Fundamental principles of partnership with civil society have been violated. The cooperation agreement between the regional government and the Perm-36 NGO, worked out through lengthy discussions, has been cast aside. The museum is to all intents and purposes closed to the public. The museum director, Tatyana Kursina, has been unlawfully dismissed. By order of the Culture Minister for Perm Region Igor Gladnev, the only excursion to have taken place in the last few months was for a TV crew from the sensationalist TV channel NTV. What's more, this group was accompanied by supervisors of the former political zone. In the programme shown on NTV the culture minister took a most active part, more or less advocating the destruction of everything that had been built up by the public museum.
Aleksandr Kalikh and Chairman of Memorial Robert Latypov appealed to the governor with a proposal to resurrect the jointly developed agreement, a document that takes account of the positions of all the parties in the conflict, outlining the functional rights and obligations of the budgetary organisation and the Perm-36 NGO.
Others present at the meeting, members of Memorial Varlen Kleyner, Angelina Bushueva and Evgeny Mochilin, defined their own personal relation to the museum as a memorial to their fathers and mothers who suffered during the years of Stalinist terror, who ended up in the Gulags or were shot in the period 1937-1938. Destroying the museum would mean trampling on this memory. Victims of repression tried to impress upon the governor that, intentionally or not, he was participating in a campaign to rehabilitate Stalinism and a campaign to denigrate the rights and dignity of those who suffered repression.
In response, Viktor Basargin assured the meeting participants that the regional leadership had never set itself the task of changing the course of the activities of the Perm-36 Gulag Museum. No one was trying to destroy the museum, it was continuing its operations in its entirety. The regional budget has provisions for its upkeep, which has not been the case in previous years.
The regional governor admitted that during the reorganisation serious mistakes had been made which could put the partnership principles of cooperation with the activists in doubt. In the coming days all interested parties would be presented with the final version of the agreement, containing all the points that had been agreed with the museum's management.

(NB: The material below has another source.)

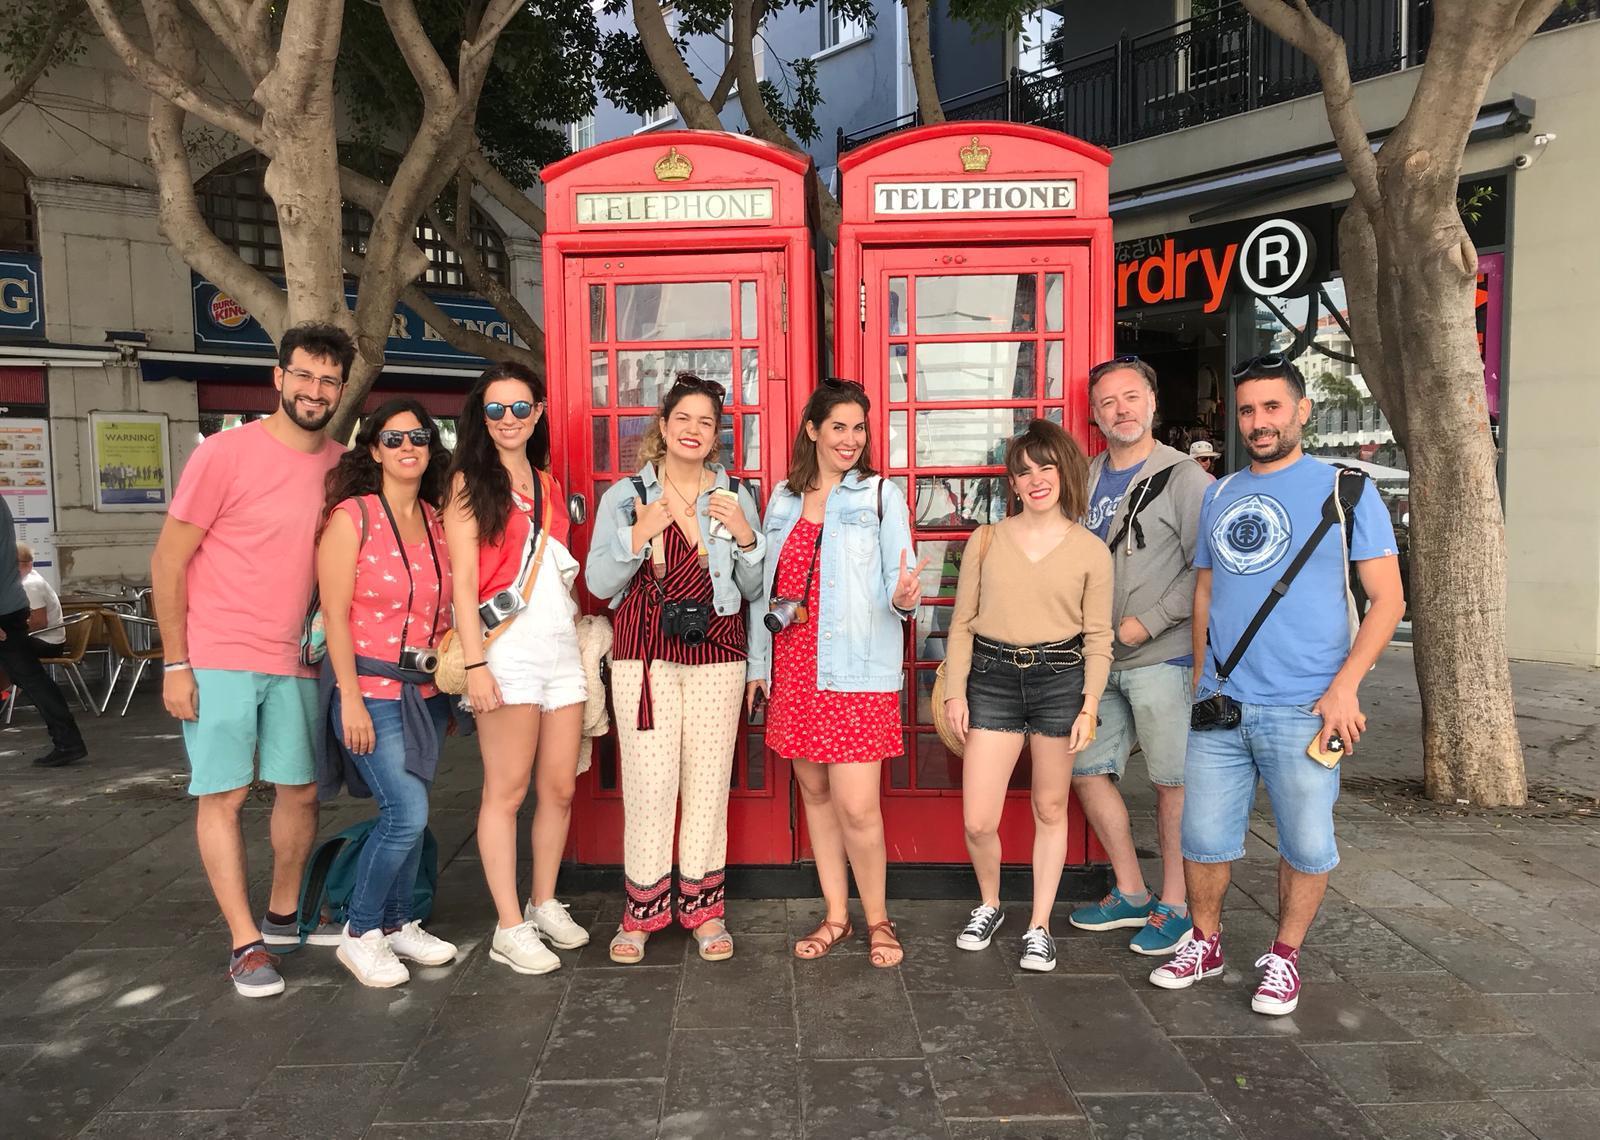 23-jun-2019-blogueros-espaoles-de-viajes-visitan-el-pen_48131153217_o

Viktor Basargin assured veterans that the rights and interests of the victims of political repression have been and will remain under his sphere of attention and control.
Aleksei Frolov, who was involved in the discussion with the governor, said that the regional administration had nothing to do with the sensationalist broadcast of NTV. As regards the excursion that was organised for representatives of this television channel, this has to be understood and the appropriate conclusions drawn. Aleksei Frolov assured those present that the regional administration was prepared to cooperate with the museum's founders and leaders. He noted that in many ways the conflict was not as significant as it appeared: it was being inflated by certain sections of the press as well as politically motivated organisations. It should be noted that at the time of the meeting 50,000 Russian citizens had already signed a petition
to the Governor of Perm Region demanding that the destruction of this unique museum be halted and persecution of its founders stopped.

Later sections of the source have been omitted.